I manage to recover from my injuries. I utilize military satellites to track the tortoise -- they have to breathe at some point, and thus must come up for air. Once I have done so, I return to the tortoise with my scuba suit and several EMP devices. I knock out the electronics in your exosuit, leaving you quite vulnerable to my harpoon, from which I shoot one spiked end of a sturdy cord into your leg [sorry, mate, but you weren't being particularly cooperative, and you did bash me over the head] and the other end into a nearby buoy. As the tortoise continues to move, you are yanked from its back into the water.

I find myself glad the EMP also knocked out the triggering mechanism for the explosives, and disarm them.

Now that the Hill seems to be under my control, I remove it from the tortoise [who should really be on land, anyway] and secure it to Cthulhu's back. I make a few human sacrifices to Hydra, Dagon, Cthulhu and a couple of other Old Ones, requesting that they grant me the boon of the ability to breathe underwater. This they do. My Hill on Cthulhu's back.


I scream for a bit, as one does when one has a harpoon in one's leg. I cling to the buoy for a while, and find that I still have my Mace, and the buoyancy aids, thankfully. I use the sharp edge of my mace to sever the harpoon's rope, and using them, I manage to make it back to shore, snacking on the occasional shark on the way.

I have my leg fixed up, but I can still barely walk.

Hmm. I miss being steel, so with the use of some ancient rituals and human sacrifice I reform myself as a being of steel once more. Of course, due to the likelihood of encountering water, I make sure it is stainless steel. As such, I can heal my leg.

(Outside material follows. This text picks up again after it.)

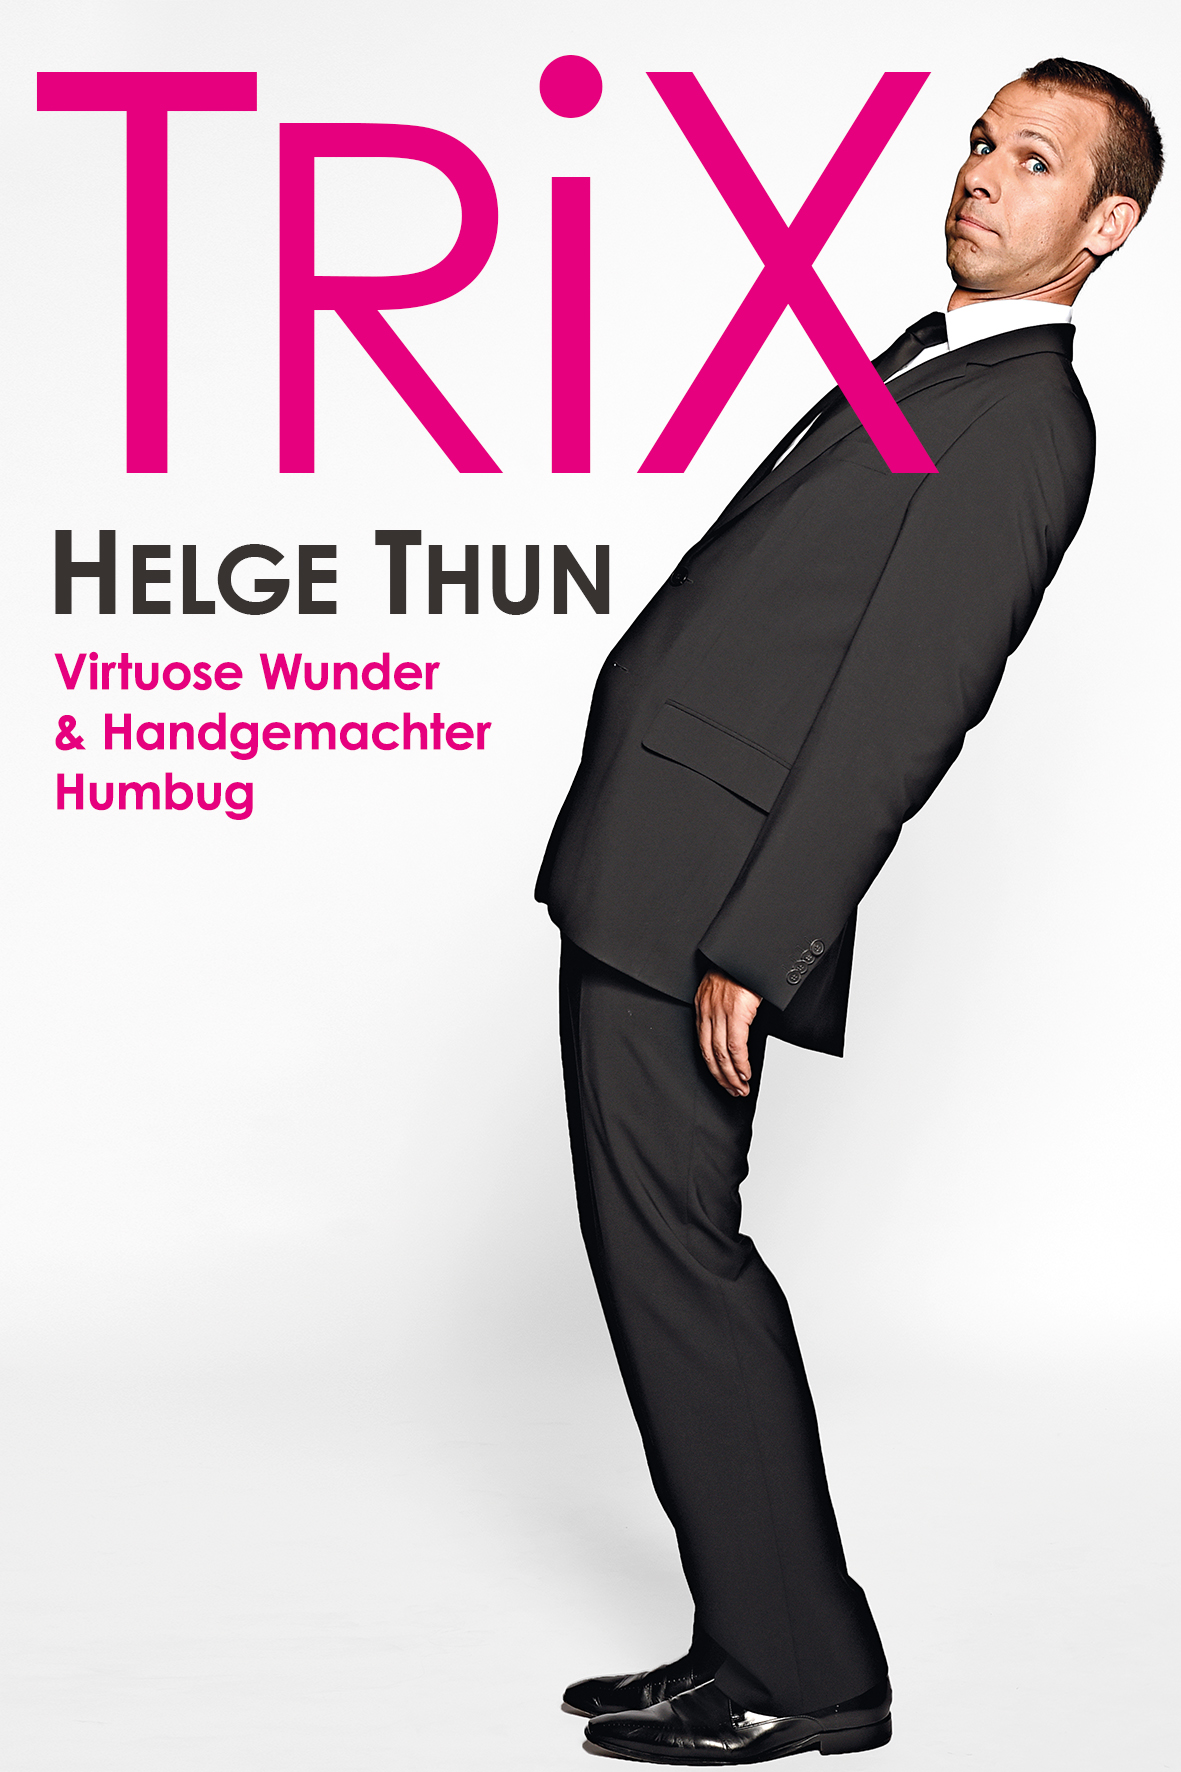 TRiX - cover

I do some work to track down an ancient sailor who encountered R'yleh during one of its rare surfacings and managed to leave with his sanity mostly intact. I convince him to tell me where it was, and go to the area where it was.

Then I dive. And sink and sink and sink and sink. Until I hit the bottom. I sneak in, find the sleeping Cthulhu and gently detach it from the snoozing sanity breaker, then carry it away as stealthily as you can carry a Hill.

I then locate a terrible creature from the deep, a creature of dark power and unspeakable malevolence, and hit it until it agrees to return the Hill and I to the surface.

Upon the surface, I carry the suddenly much heavier Hill back onto land, and set it up in Paris as a modern art exhibit.

I call the exhibit MY HILL, and I am praised for my genius. Someone stealing it would simply cement my status as an artistic genius; after all, why else would someone steal it?